Work instruction
All the lines below should appear again unchanged, though their pictures should not.
Given data: Begin
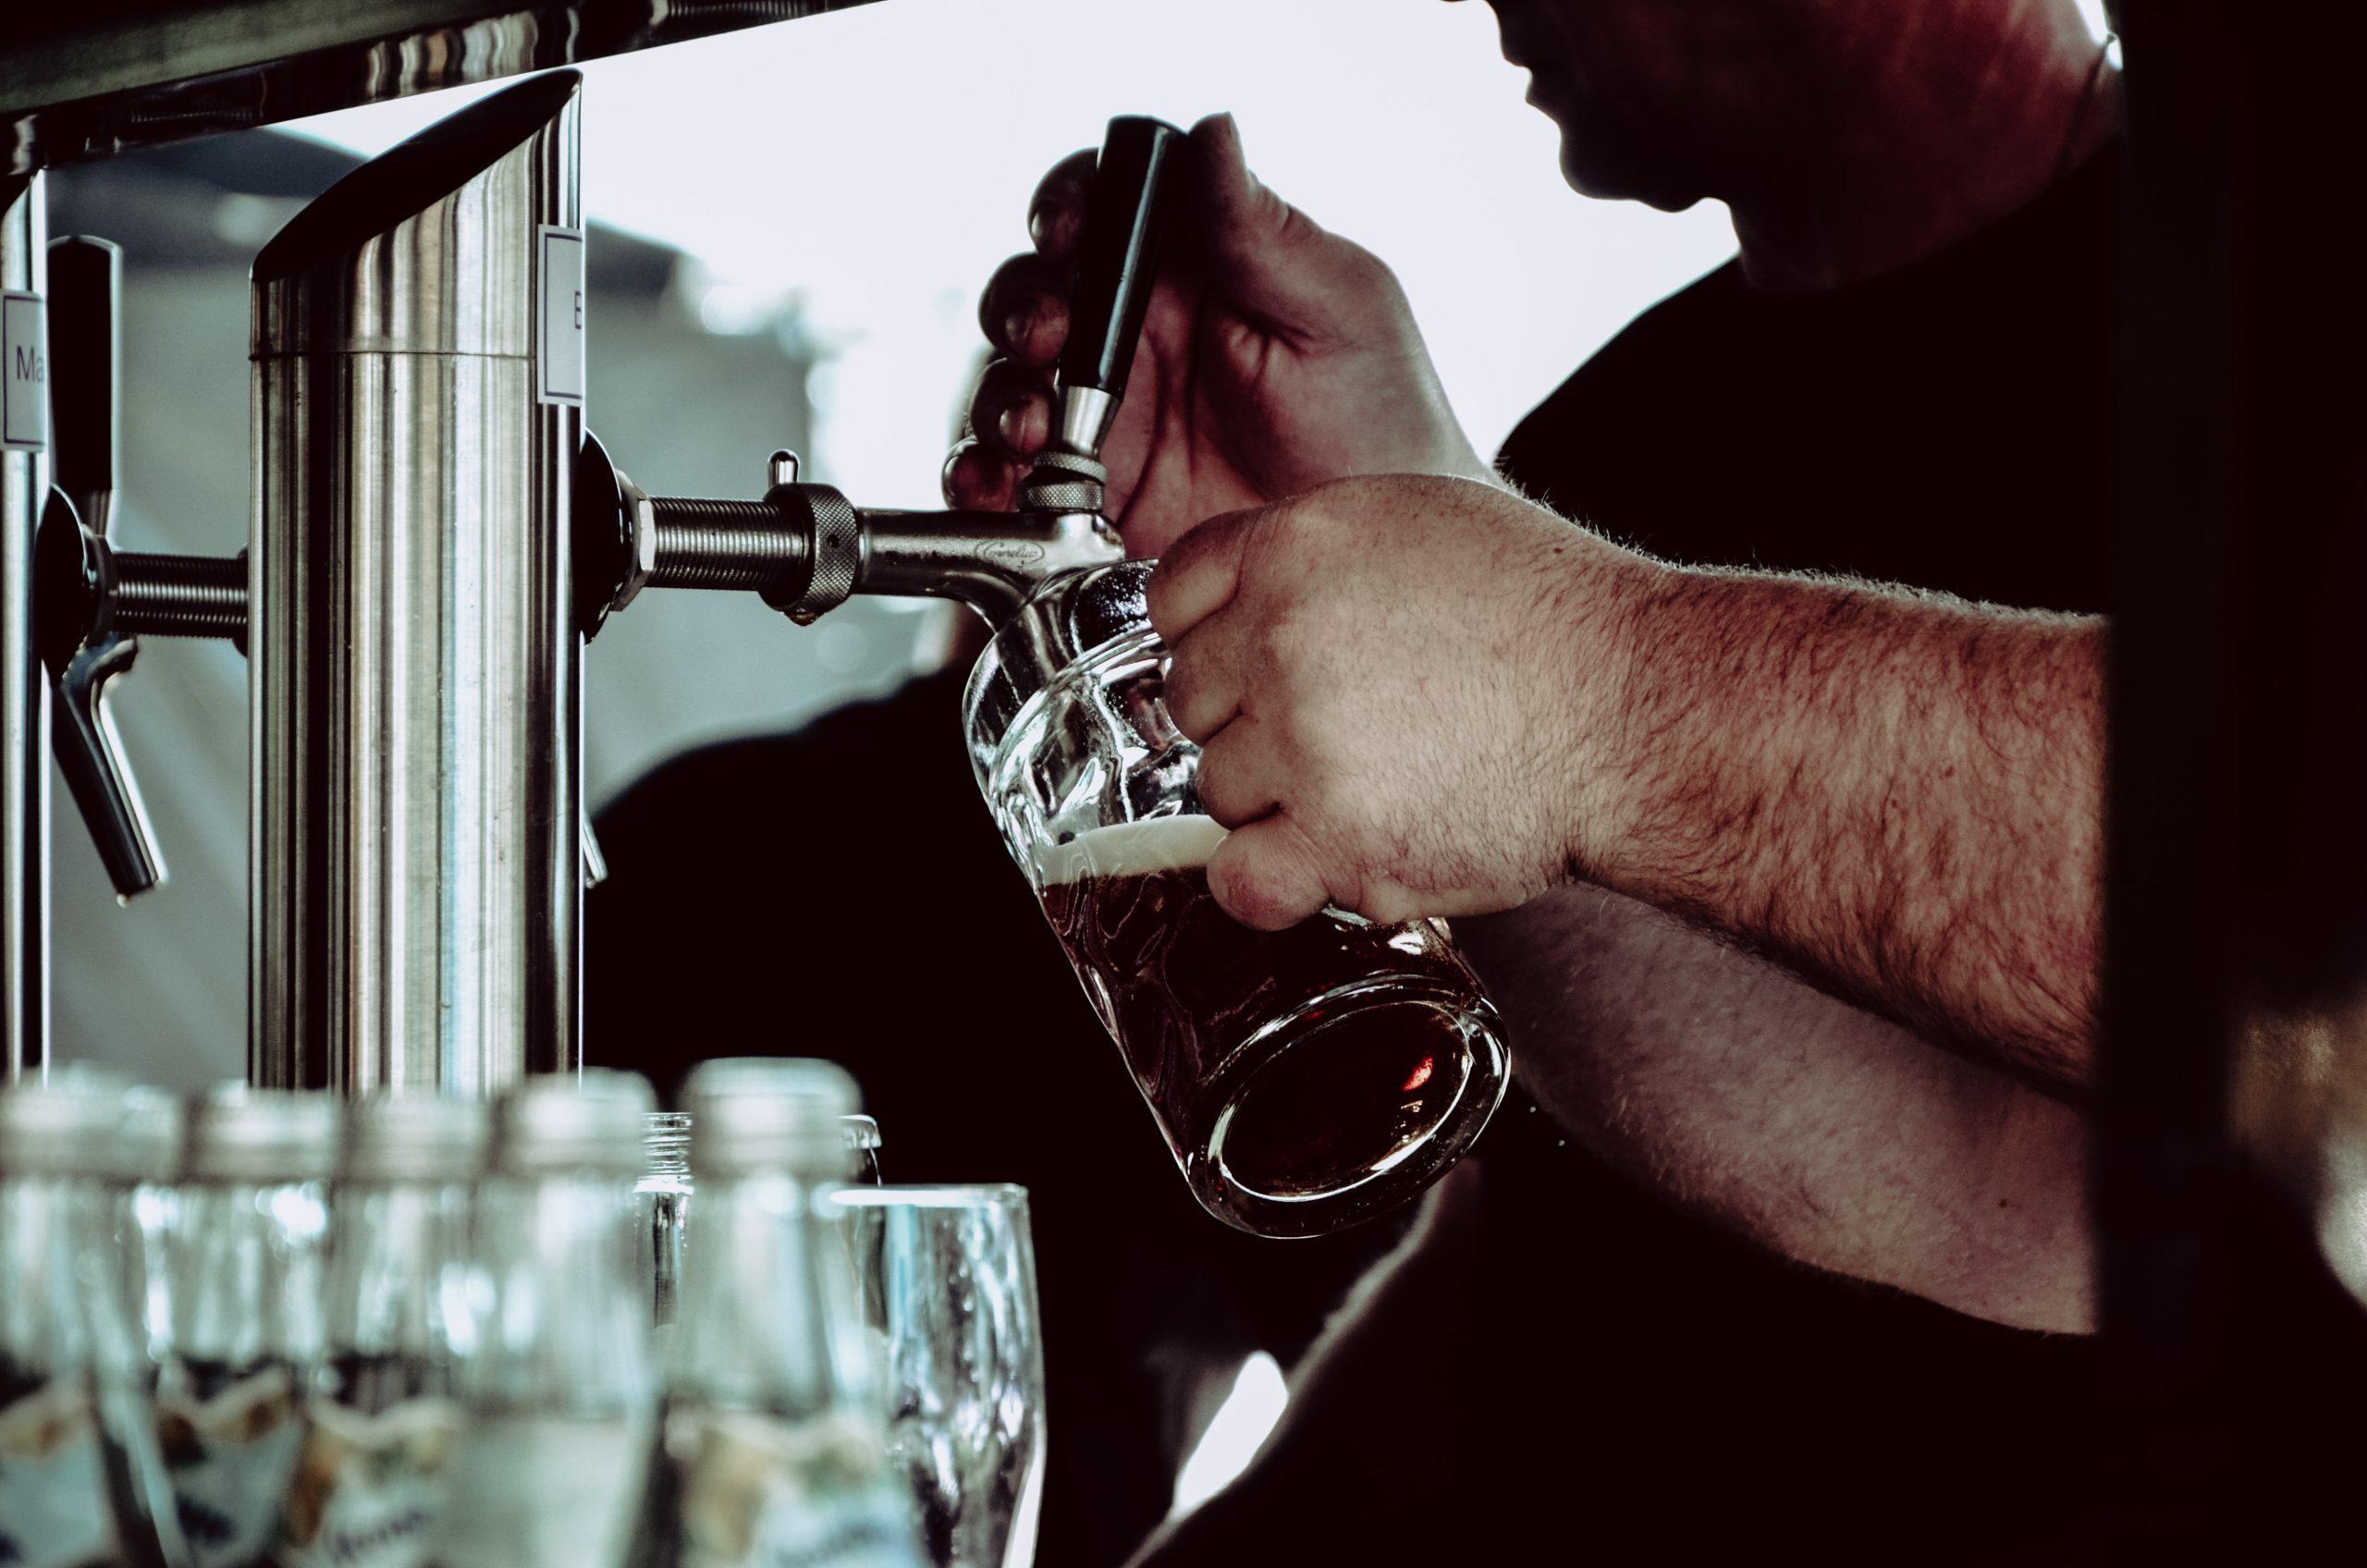 Imagem mostra uma chopeira elétrica em foco seletivo, enquanto um homem, representado apenas por seus braços, opera a torneira e serve um chopp numa caneca de vidro.
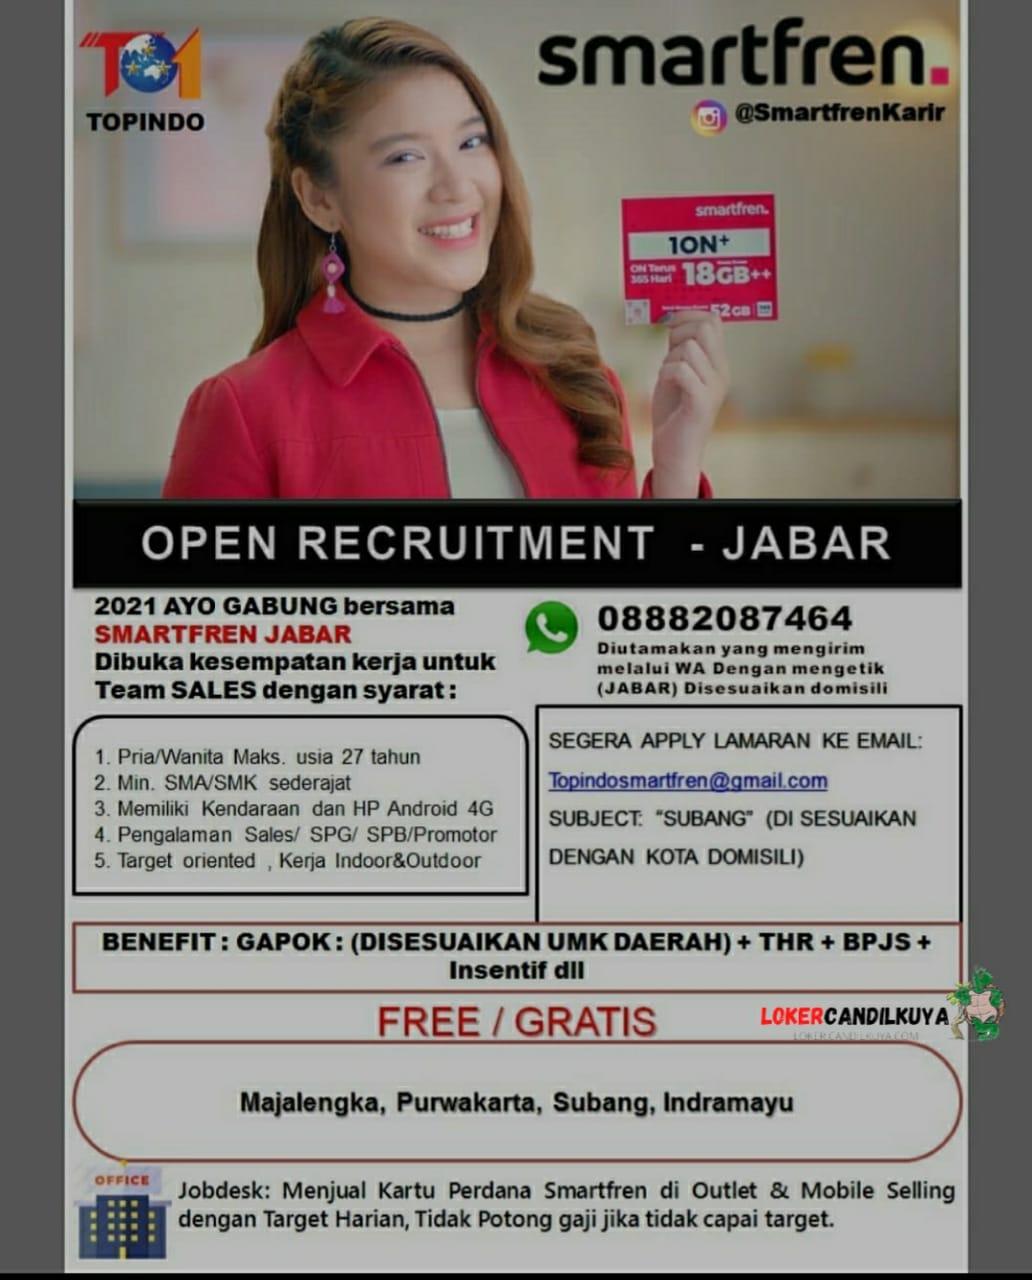 Lowongan Kerja Smartfren Jawa Barat
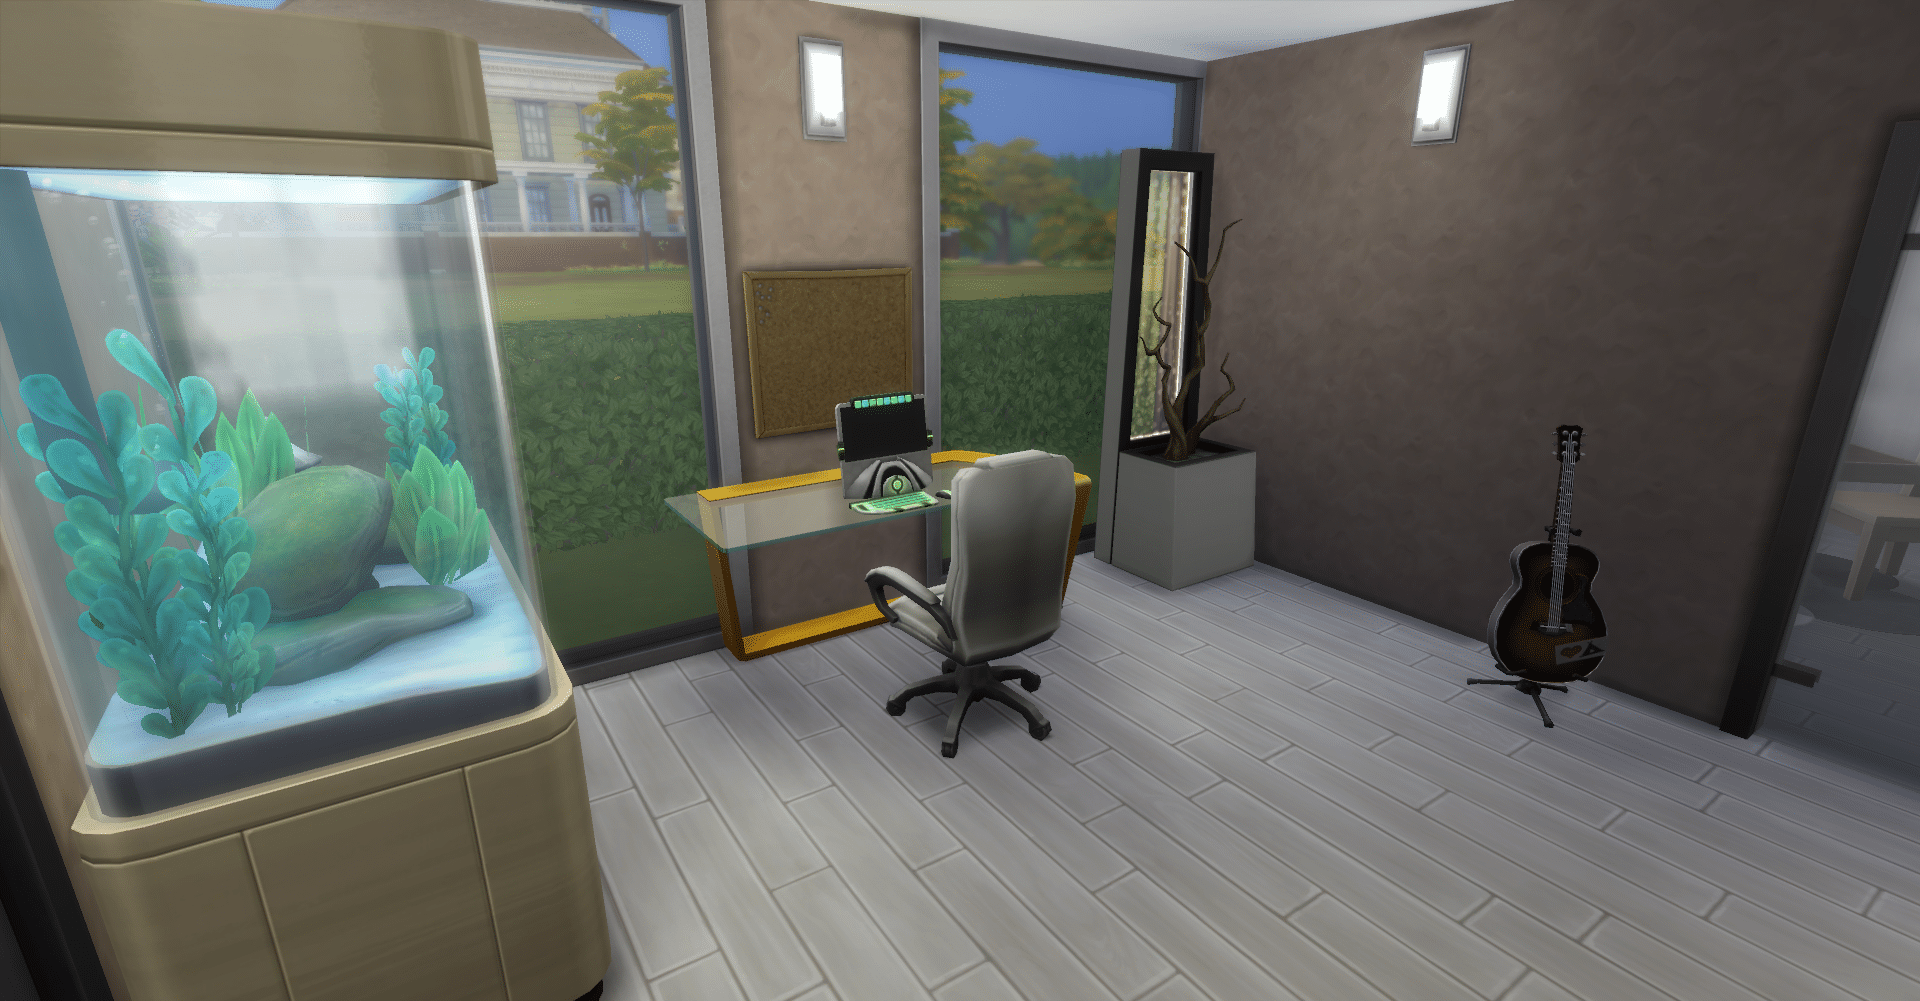 Le studio de Maman PandiinOu Pres-de-losmose-4
Given data: End
Your response
 Imagem mostra uma chopeira elétrica em foco seletivo, enquanto um homem, representado apenas por seus braços, opera a torneira e serve um chopp numa caneca de vidro.
 Lowongan Kerja Smartfren Jawa Barat
 Le studio de Maman PandiinOu Pres-de-losmose-4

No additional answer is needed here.